The natural contractual setting to establish any required disclosures, consents, and other data-related mechanisms is in the independent contractor services agreement with drivers. The regulatory framework for those agreements is of course found in the Federal Leasing Regulations set out at 49 CFR 376.12. The regulations are similar to data privacy regulations in that they seek as their chief end the disclosure of conditions and gaining of consent.
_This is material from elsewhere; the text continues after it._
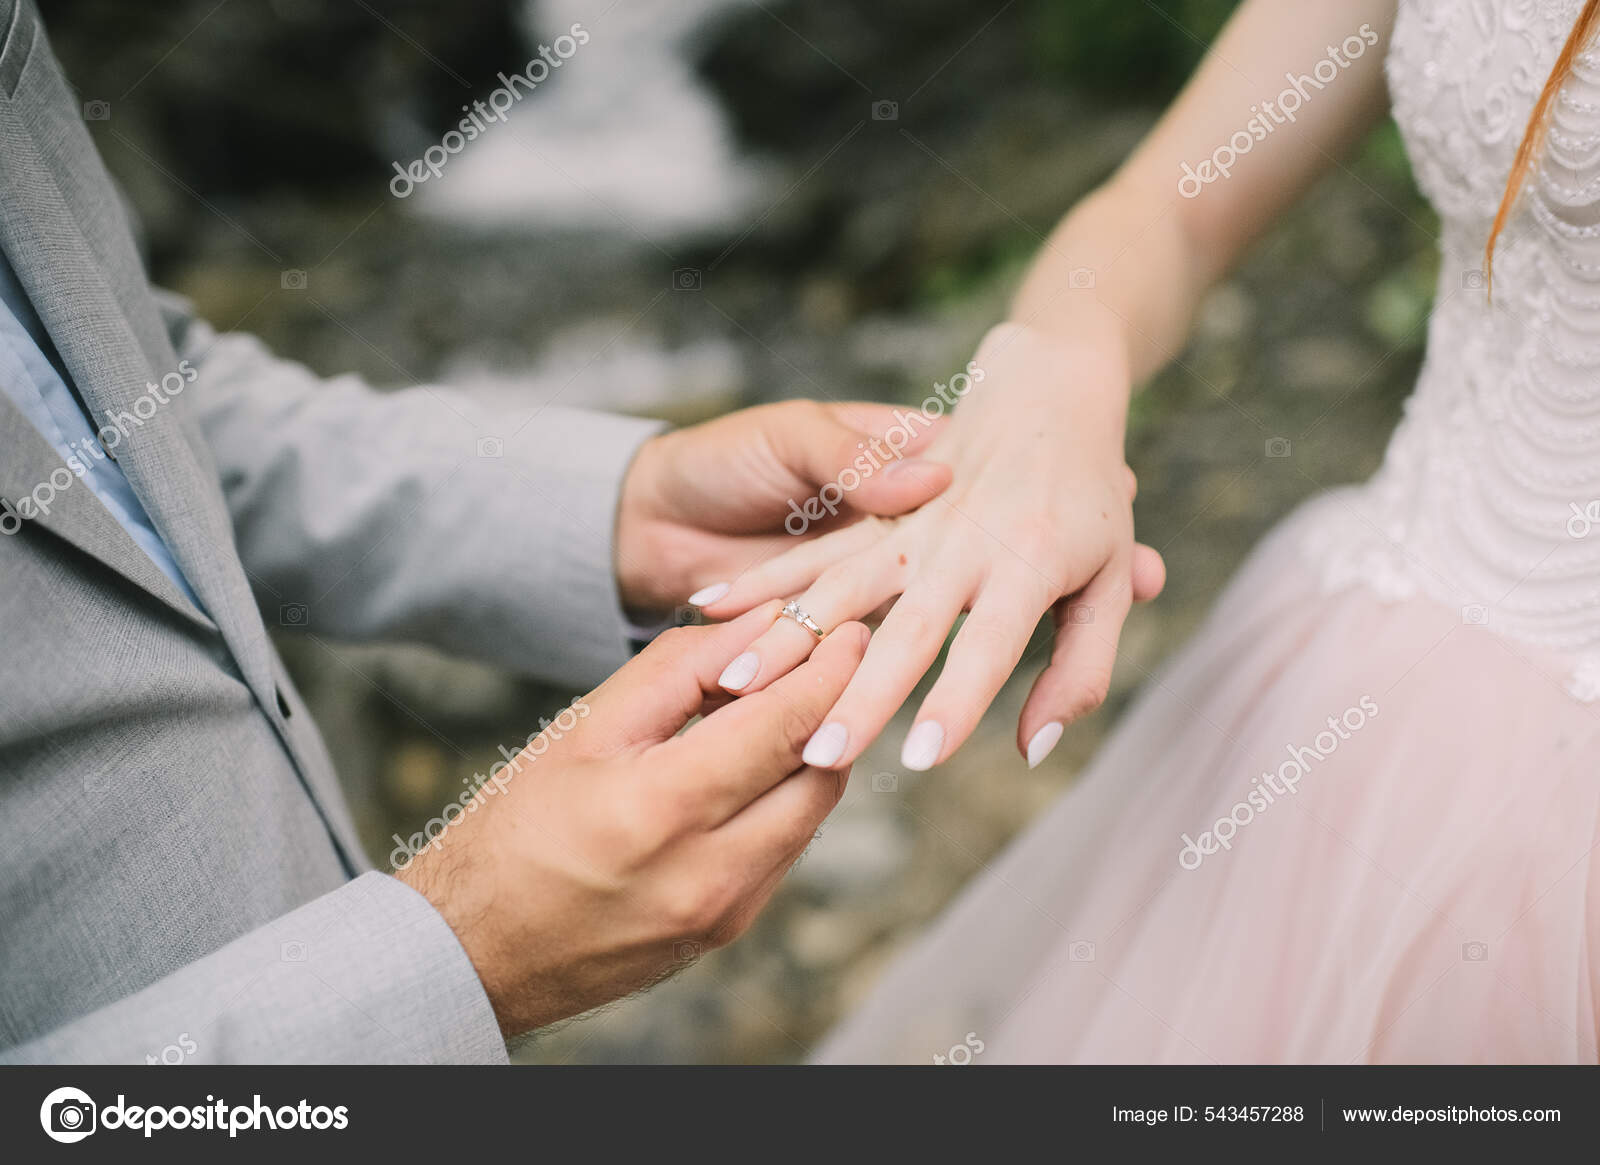 Premium Photo | The newlyweds exchange rings, near the wedding arch, at the  wedding ceremony. marriage. soft focus

The regulations require, among other express provisions, the statement that an independent contractor owner-operator is not required to purchase or rent any equipment from the carrier as a condition of entering into the relationship. Additionally, the regulations require establishing with reasonable specificity the terms for any purchase or rental of equipment through the driver and the mechanism for deduction of associated amounts. Non-compliance with these provisions is subject to a private cause of action on the part of drivers by virtue of 49 USC 14704, and the availability of attorney’s fees. It is imperative, therefore, that the incorporation of technology provisions that allow for the sourcing of any required equipment from sources other than the motor carrier. If the technology is provided through the carrier upon the driver’s election then the terms of purchase, rental, or service must be disclosed.

The more narrow practicalities of contracting for technology use with drivers also require close attention when contracting. Disclosures of the existence or requirement of certain functionality—and in a manner that can be readily understood and will actually assist the driver—is essential. However, pragmatically outlining the entire life cycle for the technology will add to the user experience and lower the risk of confusion. Any elections and costs must be adequately memorialized including possible installation fees, monthly use fees, de-install fees, re-install fees, and loss fees. The terms related to the end of the relationship, or the end of the technology life cycle, will also clarify expectations and avoid surprises for both parties.